Indeed, the decline of the union movement seems to have contributed to our current sad economic state. Fabricio Rodriguez of Jobs with Justice in Philadelphia says that, “The resources have gotten piled so heavily on the upper echelons of the economy that it finally just tipped over.”
Rodriguez continues,
“We think in order to reverse that trend, in order to create a stable base to the economy, where working people can actually accumulate wealth over time and have some security, we have to create policies that encourage strength in working people. We think the best manifestation of that are labor unions, where working people set their own agenda.”
Price notes that anger at the rich during the crisis plays a part:
“To have the voices which are opposed to increased unionization discredited by their role in the economic crisis probably helped strengthen support for unions during the Great Depression and will probably help make passage of EFCA more likely today.”
He even points out that unions can benefit small businesses and help them compete with larger companies:
“Small employers have a hard time providing health care in part because as small employers they get charged higher premiums by insurance companies. Participating in a union health plan allows those employers to have premiums which are similar to those charged to big employers because the union covers multiple employers and thus the number of workers covered is similar to what you would find at a larger employer.”
Still, the anti-EFCA lobby is large and it seems to be working. Pennsylvania Republican Senator Arlen Specter, formerly a sponsor of EFCA, said yesterday that he would not vote to end a filibuster on the bill.

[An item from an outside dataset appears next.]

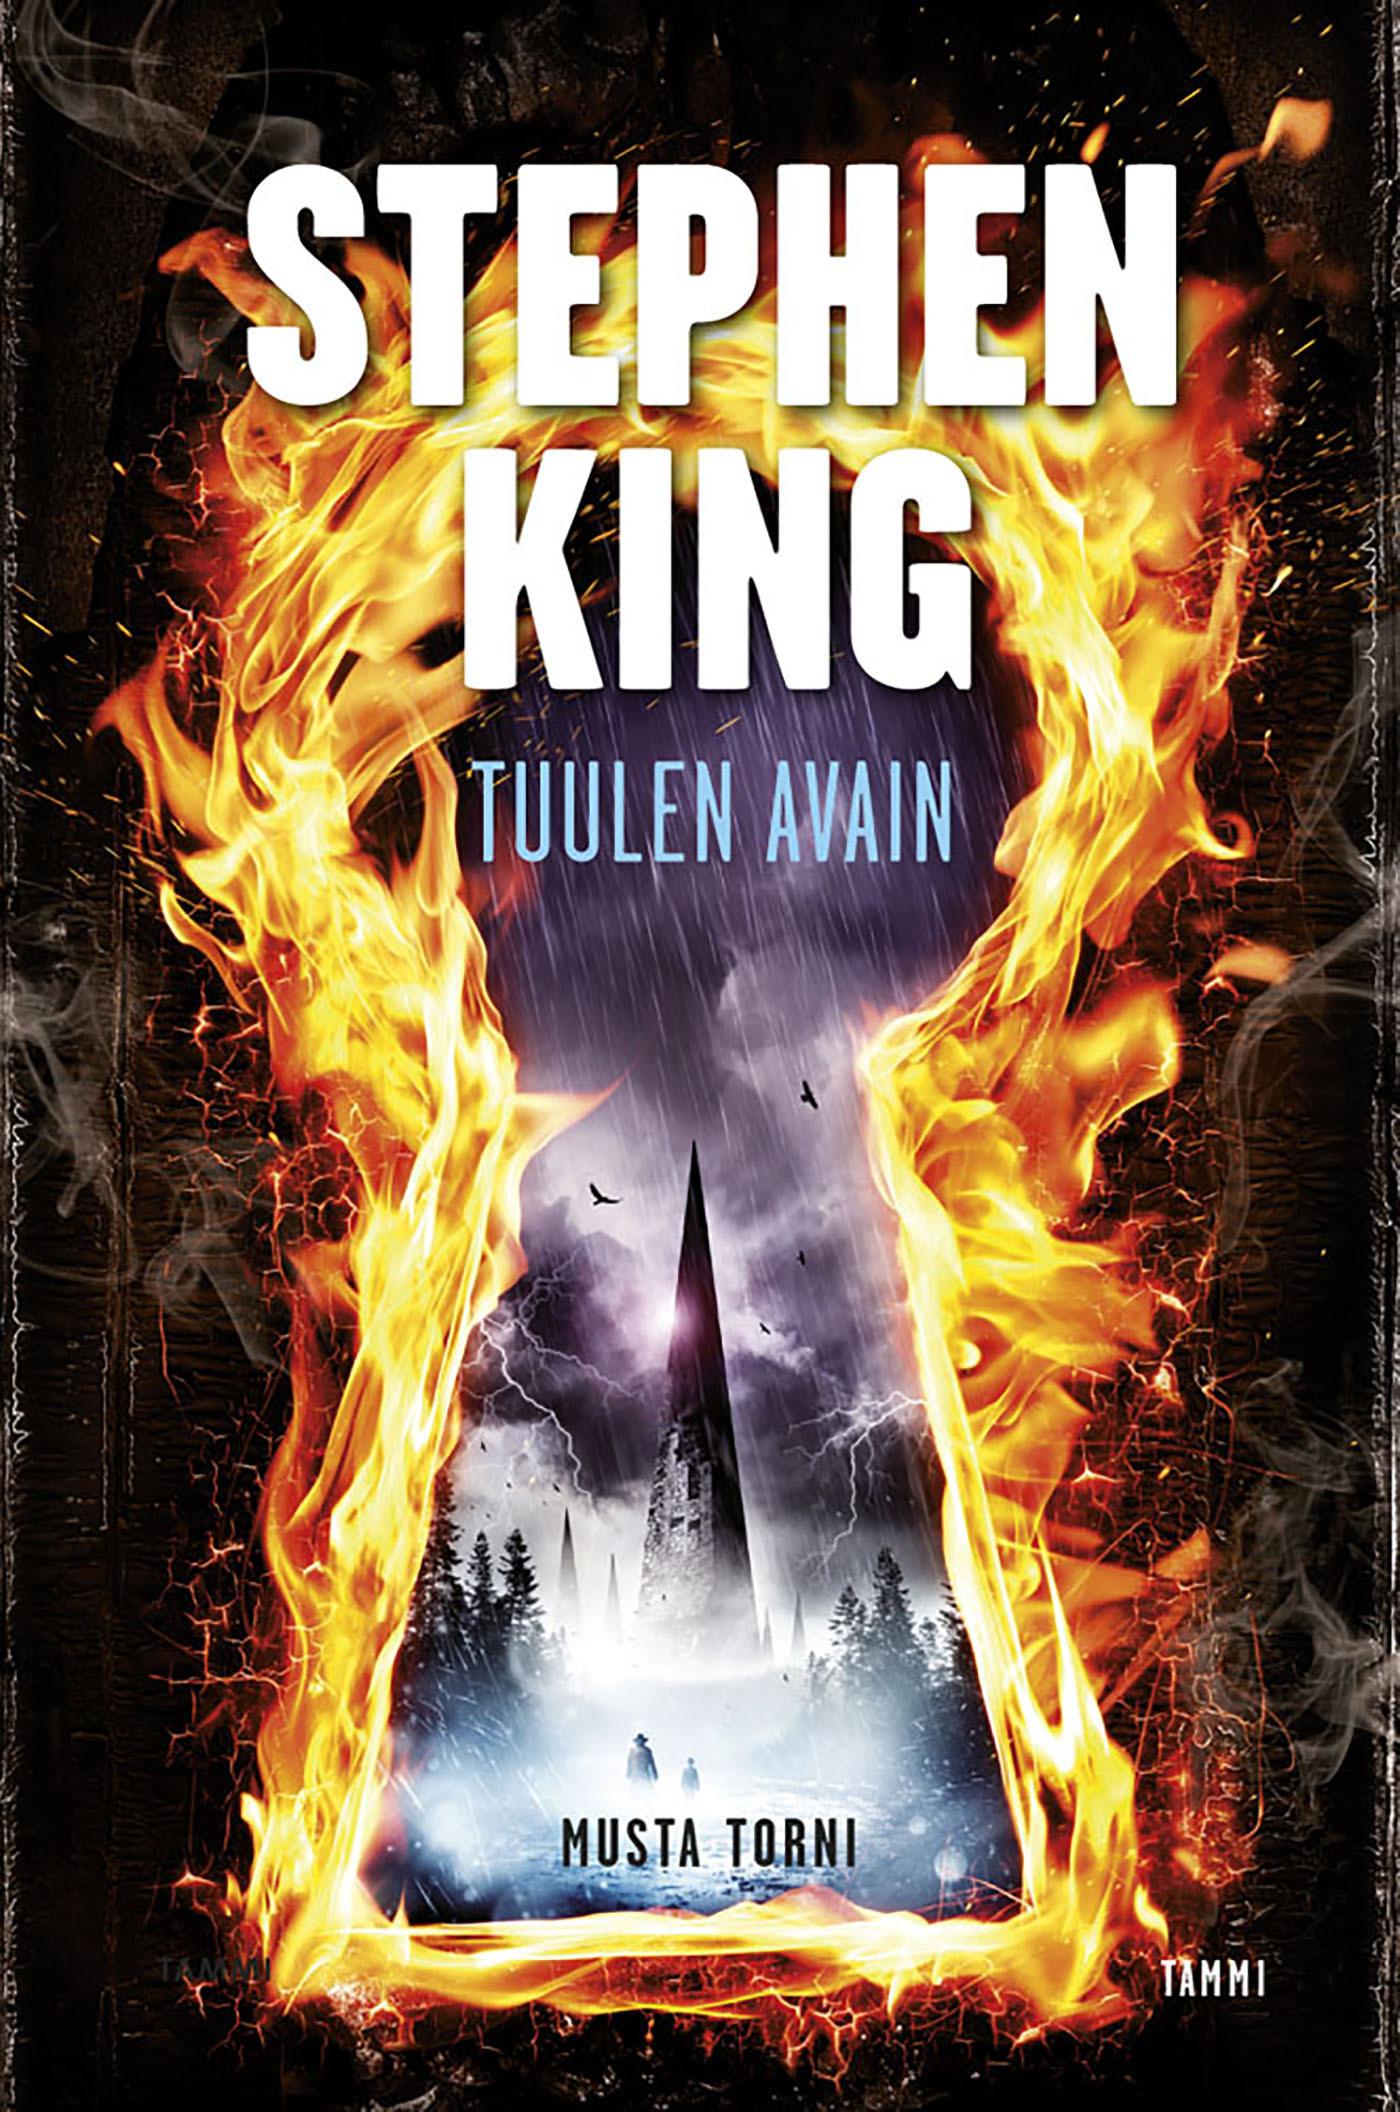 King, Stephen - Tuulen avain, ebook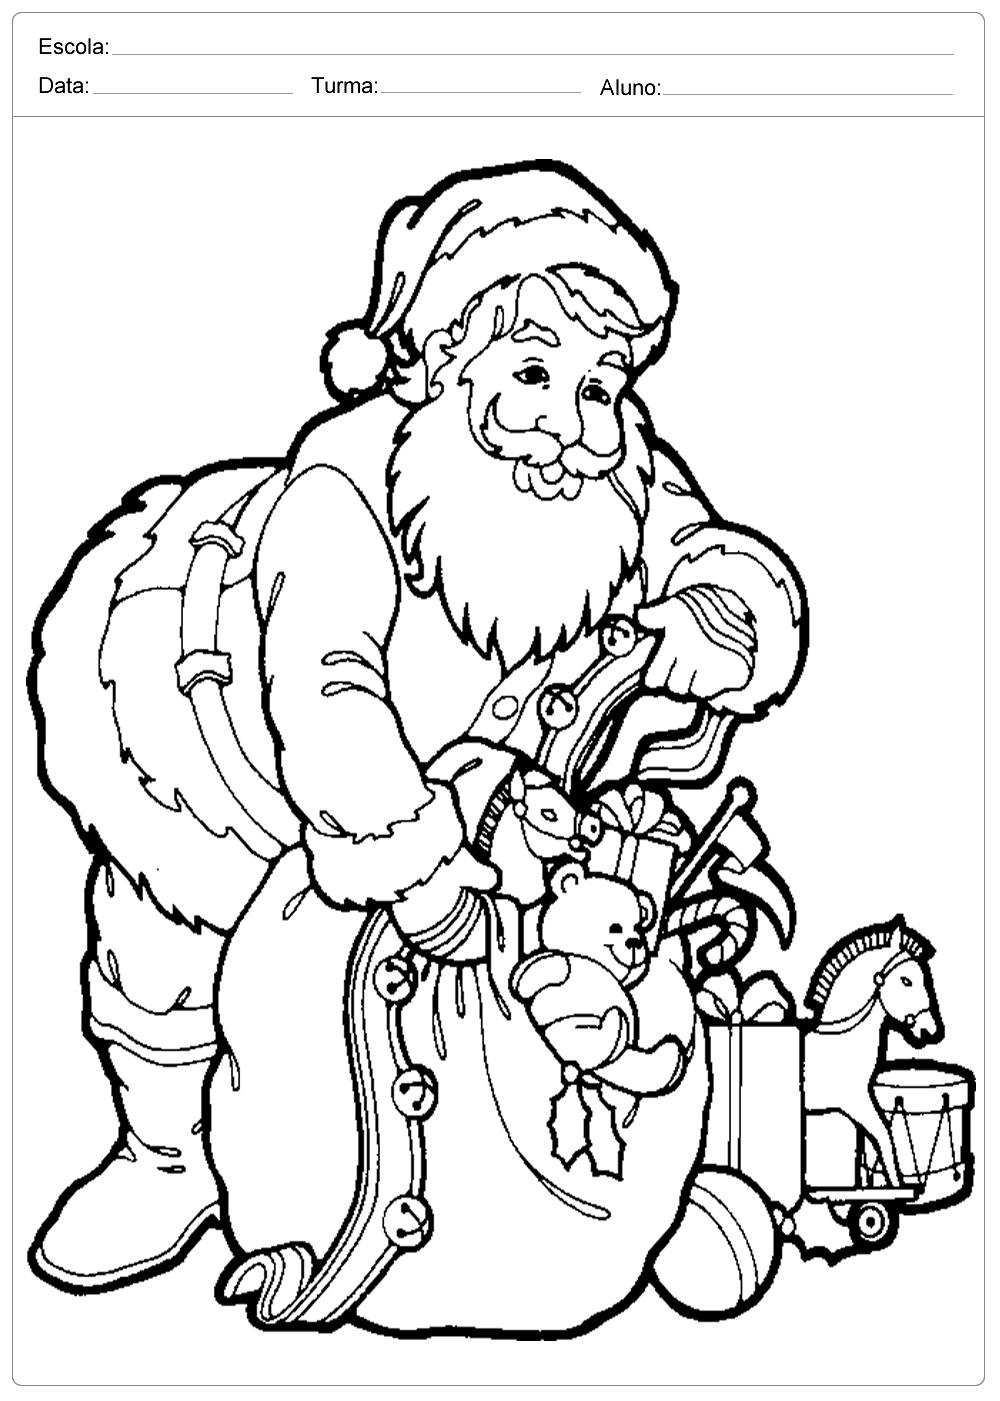 Colorir desenhos de natal online dating 6

The AFL-CIO and progressive writers immediately responded, calling Specter’s concerns about the timing of the bill what they were: cover for his real reasoning. Specter faces a tough reelection fight in 2010, facing both a Republican primary challenge and no doubt, a tough Democratic contender in a state that voted decisively for President Obama. Unions had offered him support if he would support EFCA, and Pennsylvania is one of the top 5 states in the country as far as union membership is concerned, but the fundraising would no doubt be higher from the business lobbyists pressing him to vote against it.
Rodriguez says,
“It is a huge disappointment. In 2007 Specter said that he would vote for cloture. He did not say that he supported it or opposed it. He did affirm that there are massive problems with labor law and that this fact needed to be debated. Labor law has not changed since then. The only thing that has changed is that Americans are demanding a fairer economy. The Employee Free Choice Act is a major economic reform that would do just that and now Senator Specter doesn’t even want to debate the issue?”
The fight isn’t over. Harry Reid noted that other Republicans might be open to working with the bill, and Keystone Progress is already organizing more pressure on Specter to get him to change his mind.
After all, as Rodriguez says, “Wealth is what really should define the middle class, and wealth is stability, and that’s power. We have negative wealth in this country.”
A stronger union movement would help create that stability and power for the working class, and now is not the time to give up or put off the fight.